Impact of THPO signaling in cancer development is also reported in a few studies. In acute myeloid leukemia (AML), THPO has been reported to promote survival and proliferation of leukemic cells (Pulikkan et al. 2012). Mutations in MPL receptor have been identified in myeloproliferative neoplasms due to which it remains constitutively active and results in increased proliferation of hematopoietic cells (Defour et al. 2016). One of the characteristic features of myeloproliferative neoplasms (MPN) is formation of spontaneous megakaryocytic colonies. Suppression of MPL in megakaryocytes from patients of MPN in vitro decreases their colony forming ability (Li et al. 1996). In colorectal cancer, THPO facilitates the self-renewal of tumor initiating cells by activation of Wnt signaling pathway and potentiates metastasis of these cells to liver (Wu et al. 2015). In majority of cancers including head and neck cancer, patients are afflicted by thrombocytosis, which has been found to be responsible for the poor prognosis (Rachidi et al. 2014). Higher platelet count in oral squamous cell carcinoma has been shown to have direct correlation with tumor size, metastasis and overall survival rate (Lu et al. 2007). Platelets secrete various cytokines and growth factors, which play an important role in migration, invasion and proliferation of cancer cells (Pilatova et al. 2013; Bambace and Holmes 2011).

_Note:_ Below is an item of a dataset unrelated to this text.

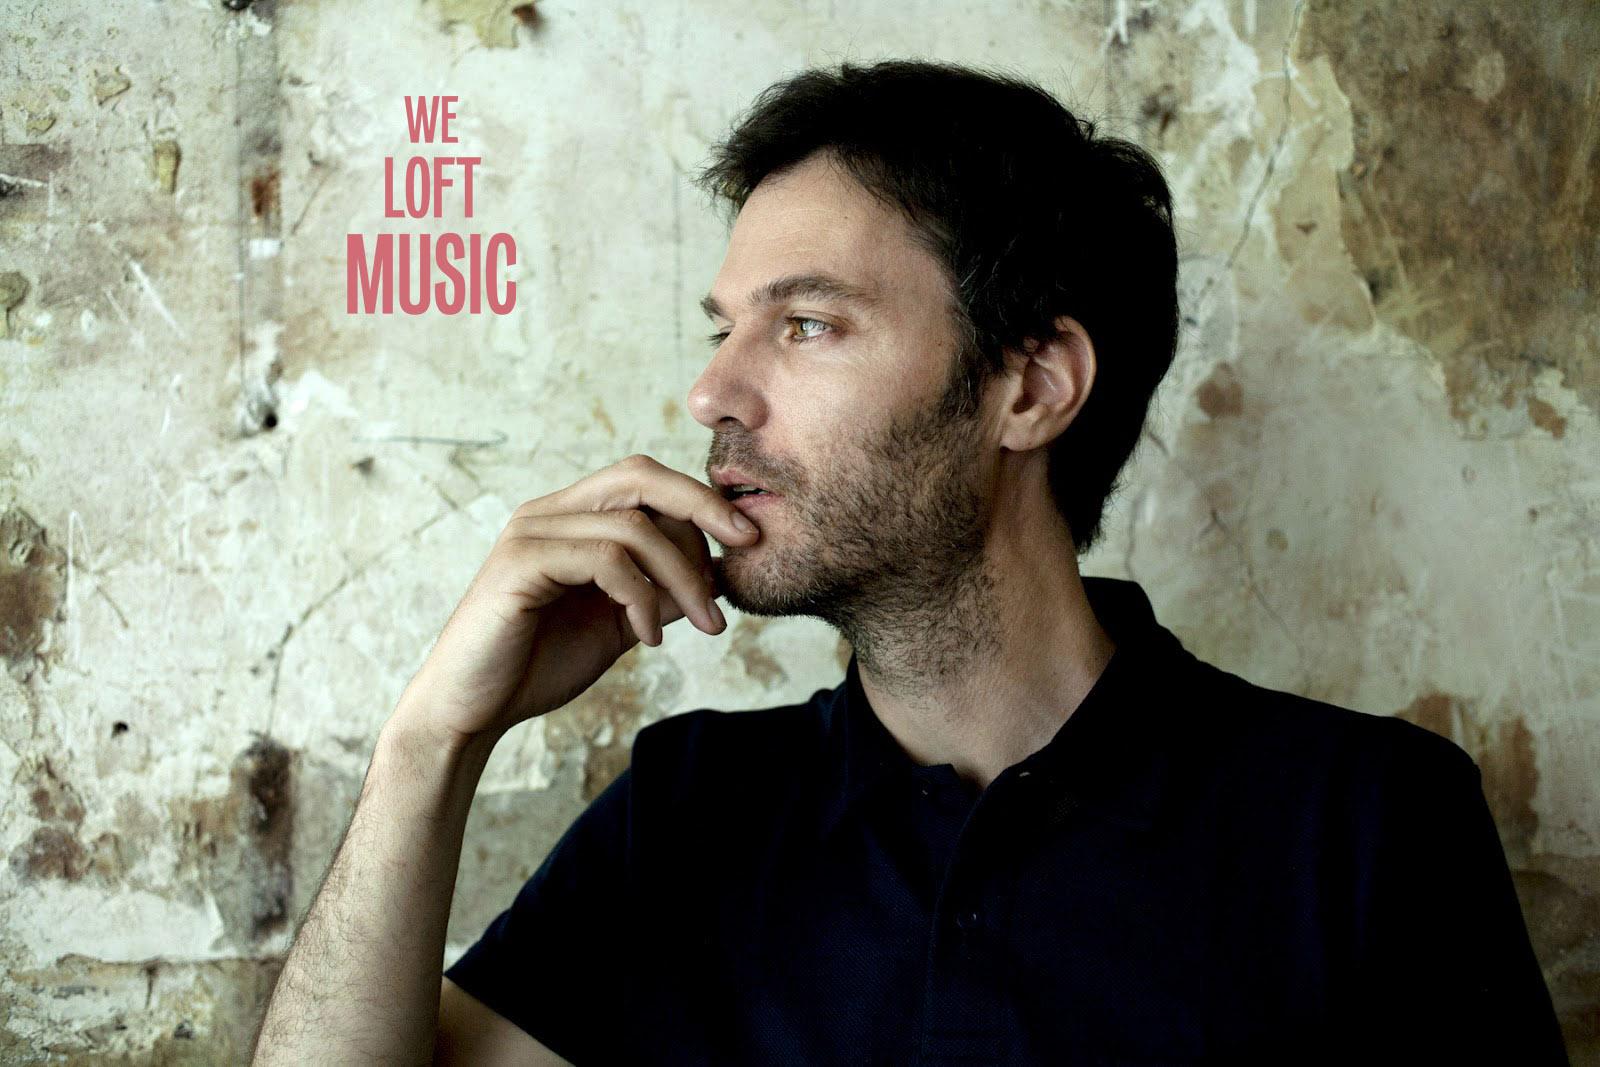 Piers Faccini – We Loft Music

THPO plays a vital role in cellular processes such as proliferation, differentiation and cell survival. Therefore, it is necessary to develop a THPO signaling network. In this study, we have curated literature information pertaining to THPO signaling from published literature and developed a pathway map to facilitate better understanding of THPO-induced signaling.

Materials and methods

PubMed search was performed for thrombopoietin pathway using the keywords such as thrombopoietin, thrombopoietin signaling pathway, THPOR, c-MPL and THPO. The articles were manually screened to retrieve the molecular associations, enzyme-substrate reactions, activation/inhibition reactions, gene regulation events and protein transport reactions involved in thrombopoietin pathway. The information was curated using PathBuilder, a web-based in-house tool developed by our group (Kandasamy et al. 2009). A detailed map of thrombopoietin was developed and submitted to NetPath (Kandasamy et al. 2010). Several other signaling pathways were curated which include; oxytocin receptor signaling network (Chatterjee et al. 2016), brain derived neurotropic factor (BDNF) pathway (Sandhya et al. 2013), aryl hydrocarbon receptor (Yelamanchi et al. 2016), macrophage migration inhibitory factor (Subbannayya et al. 2016); and endothelial TEK tyrosine kinase (Khan et al. 2014) signaling pathways, which are available in NetPath (Kandasamy et al. 2010). A map of pathway reactions involved in thrombopoietin pathway was generated using PathVisio (van Iersel et al. 2008). In addition, a confident signaling network of THPO is drawn by following the NetSlim criteria as described previously (http://www.netpath.org/netslim/) (Raju et al. 2011). All curated molecular events were reviewed by a pathway authority (subject expert in the field) to confirm the authenticity of the reactions pertaining to thrombopoietin pathway.

Results and discussion

Data integration and development of thrombopoietin signaling pathway

Literature search of all the key terms related to thrombopoietin signaling in PubMed database fetched more than 4700 research articles. These articles were screened for information related to signaling events induced by THPO. We have catalogued 48 molecular associations, 66 catalytic reactions involving post-translational modifications (PTMs), 19 protein translocation events and 43 activation/inhibition reactions along with information related to the host organism. Under catalytic reactions, PTMs captured through annotation included phosphorylation and ubiquitination. PTMs were assessed on two modes: direct and indirect. In direct reactions, upstream enzyme was curated for specific substrate in the published literature. Indirect reactions include those where the type of modification has been experimentally proven but no information exists about its immediate upstream enzyme. The information about modification, site, residue, position, species involved, type of experiment and PubMed IDs were also captured. Genes regulated by THPO which have been validated using microarray and non-microarray techniques including northern blotting, serial analysis of gene expression and quantitative RT-PCR were also documented. One hundred genes were found to be regulated by THPO-MPL signaling, out of which 77 genes were upregulated and 23 downregulated.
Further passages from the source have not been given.